These are the key concepts you need to understand to accurately answer the question.

VSEPR Theory
Valence Shell Electron Pair Repulsion (VSEPR) theory is a model used in chemistry to predict the geometry of individual molecules based on the number of electron pairs surrounding their central atoms. The principle behind VSEPR theory is simple: electron pairs around a central atom tend to orient themselves as far apart as possible to minimize repulsion between these negatively charged areas.

When applying VSEPR theory to hydrazine (N2H4), the theory suggests that the molecule might prefer an arrangement where the lone pairs of electrons on the nitrogen atoms are as far from each other as possible. This would lead to the assumption that the 'anti' conformation, where the lone pairs are opposite each other, is more stable than the 'gauche' conformation, where the lone pairs are closer to each other. However, quantum chemical calculations are needed to verify this prediction and to take into account other interactions that might influence stability.
Hartree-Fock Method
The Hartree-Fock method is a foundational algorithm in the field of quantum chemistry used to approximate the wave function and energy of a quantum many-body system. It is a self-consistent field method, meaning that the final solution is obtained through an iterative process where the wave function of each electron is calculated in the field of all the other electrons, under the simplifying assumption that each electron moves independently.

This method involves the use of basis sets like the 6-31G* to describe the orbitals of the electrons. In our exercise, the HF/6-31G* calculation assists in estimating the energies of different hydrazine conformers. By applying the Hartree-Fock method, we can deduce which conformer, anti or gauche, has lower energy and is thus more stable.
HOMO Energy
In molecular orbital theory, the HOMO, or Highest Occupied Molecular Orbital, is the most energetically favorable orbital occupied by electrons. HOMO energy is significant as it indicates the molecule's ability to donate electrons.

In the context of hydrazine conformers, comparing the HOMO energies can be revealing. A higher HOMO energy for one conformer might suggest greater electron pair repulsion, potentially corresponding to a less stable structure. By examining the HOMO energies, we can infer whether the conformer with a higher HOMO is the less stable one, as postulated by the destabilization of electron pair interactions outlined in the exercise.
Quantum Chemical Calculations
Quantum chemical calculations encompass a broad range of computational techniques used to derive the electronic and structural properties of molecules. The goal of these calculations is to solve the Schrödinger equation, or its approximations, for a molecular system to obtain energies, geometries, and other properties.
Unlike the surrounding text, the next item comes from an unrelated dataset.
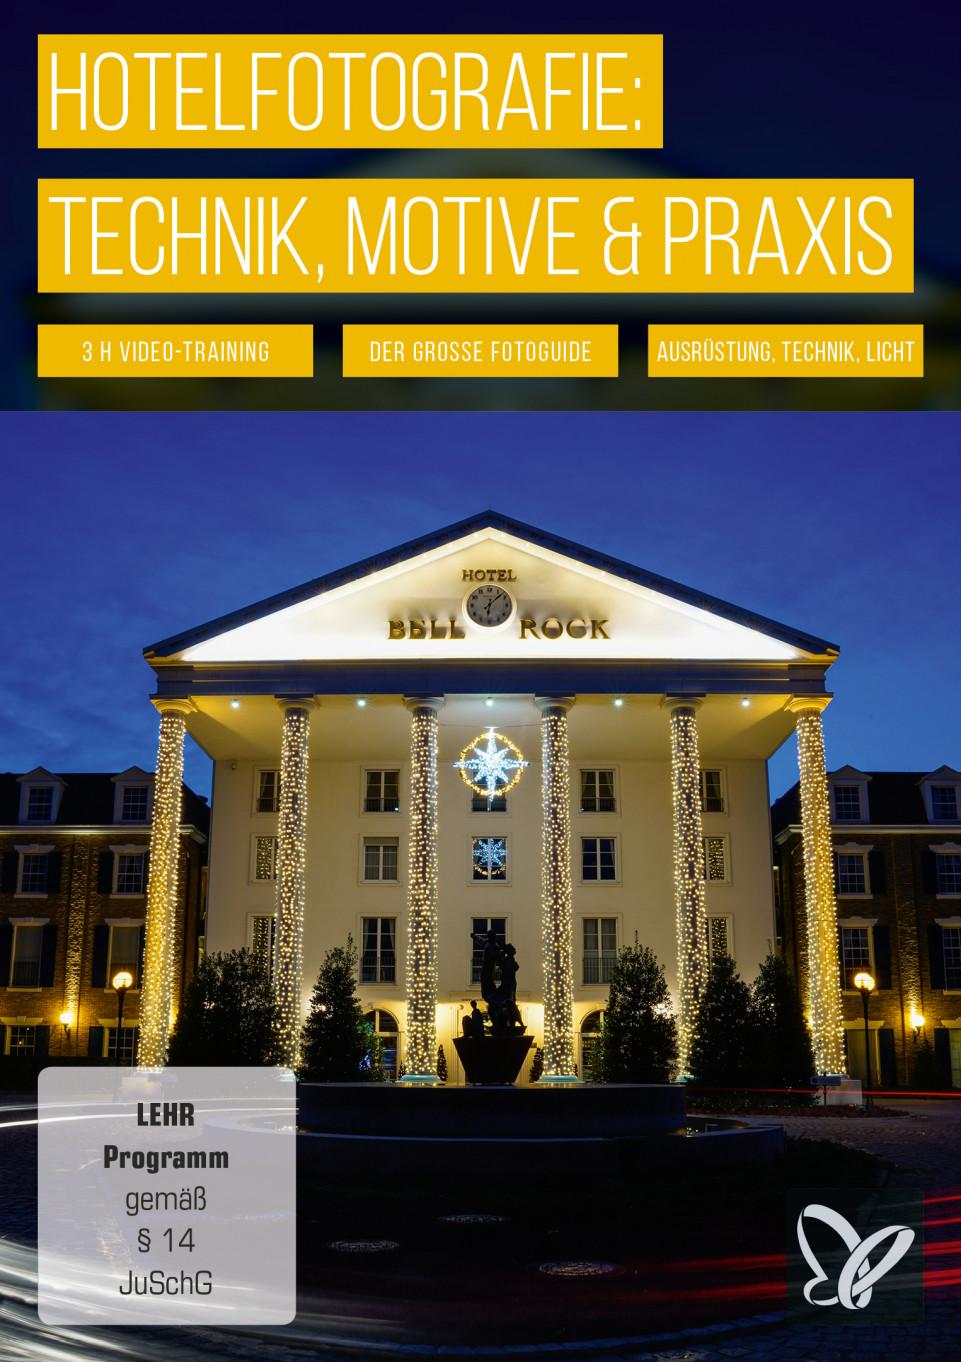 Hotelfotografie: Technik, Motive & Praxis

In our exercise, we are specifically interested in calculating the total energies and HOMO energies of the anti and gauche hydrazine conformers. Performing these calculations allows us to determine the most stable conformation and understand how the theoretical VSEPR predictions correspond with the quantum mechanically calculated energies.
Conformational Analysis
Conformational analysis is the study of the different shapes (conformations) that a molecule can adopt due to the rotation around single bonds. Even small changes in conformation can significantly impact the molecule's stability and reactivity. In the case of hydrazine, the anti and gauche conformers represent two possible shapes that are analyzed to determine the more stable form.

Conformational analysis often involves computational methods such as the Hartree-Fock calculations mentioned to quantitatively compare the energies of different conformers. By relating the computational results to VSEPR theory and considering the HOMO energies, conformational analysis helps to construct a comprehensive understanding of molecular shape and stability.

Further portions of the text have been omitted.